Seulement moi, je n'en puis plus. Je suis prétexte à la moquerie (Jr 20, 7), je n'en puis plus de proclamer les violences et la dévastation; je voudrais me taire, mais ce n'est pas possible. La parole de Dieu est en moi comme un feu dévorant, et je ne peux faire autrement. Je suis tellement malheureux que, comme Job, je voudrais ne pas être né; cette vie, je n'en veux plus, je n'en veux pas. Quel est ce Dieu qui me force à vivre, qui se sert de moi, qui ne m'écoute pas?
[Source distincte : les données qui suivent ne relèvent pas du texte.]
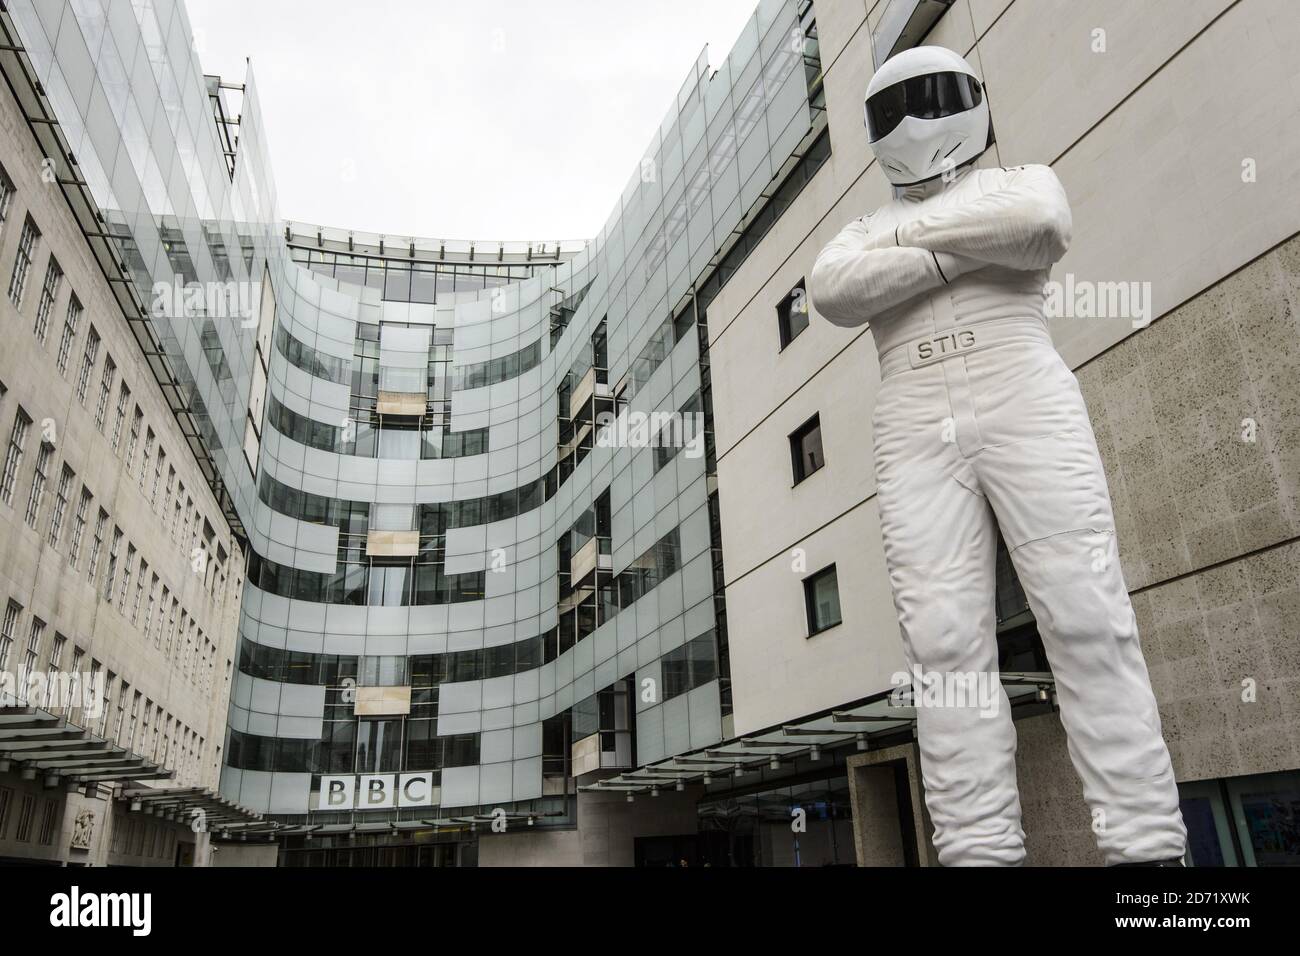 A giant statue of The Stig stands outside BBC Broadcasting House in central London, ahead of the new series of Top Gear which airs later this month. Stock Photo

J'ai prophétisé contre Joakîn, ce roi qui maintenant est admis à la cour du Roi de Babylone mais qui a perdu toute dignité; j'ai prophétisé contre Sédécias, qui écoutait les princes de sa cour; qui me demandait les paroles que le Seigneur me demandait de lui dire, mais n'en tenait pas compte; j'ai prophétisé contre les nations qui nous ont voulu du mal, parce que je savais aussi que le Seigneur un jour nous vengerait, et que les nations comprendraient que notre Seigneur est l'Unique.

Mais, si un jour vous lisez tout ce que le Seigneur m'a demandé de dire, m'a demandé de mettre par écrit, vous verrez que comprendre le dessein du Tout Puissant est impossible. Car une fois arrivé en Egypte, il m'a révélé que certes l'Egypte serait elle aussi conquise, mais que viendra un jour où Babylone sera elle aussi divisée, assiégée, piétinée et qu'elle paiera pour le mal qu'elle a fait à mon peuple et en ne reconnaissant pas que seul le Seigneur est l'Unique. Pour tous les crimes commis, elle aura à payer.


En attendant, j'attends la mort comme une délivrance, car mes yeux en ont trop vu, et je voudrais que celui qui a fait de moi un veilleur, à son tour veille sur moi, et me conduise dans les verts pâturages. Oui le Seigneur est mon Berger, je suis sa brebis, et il me prendra dans ses bras pour me faire passer la vallée de l'ombre et de la mort.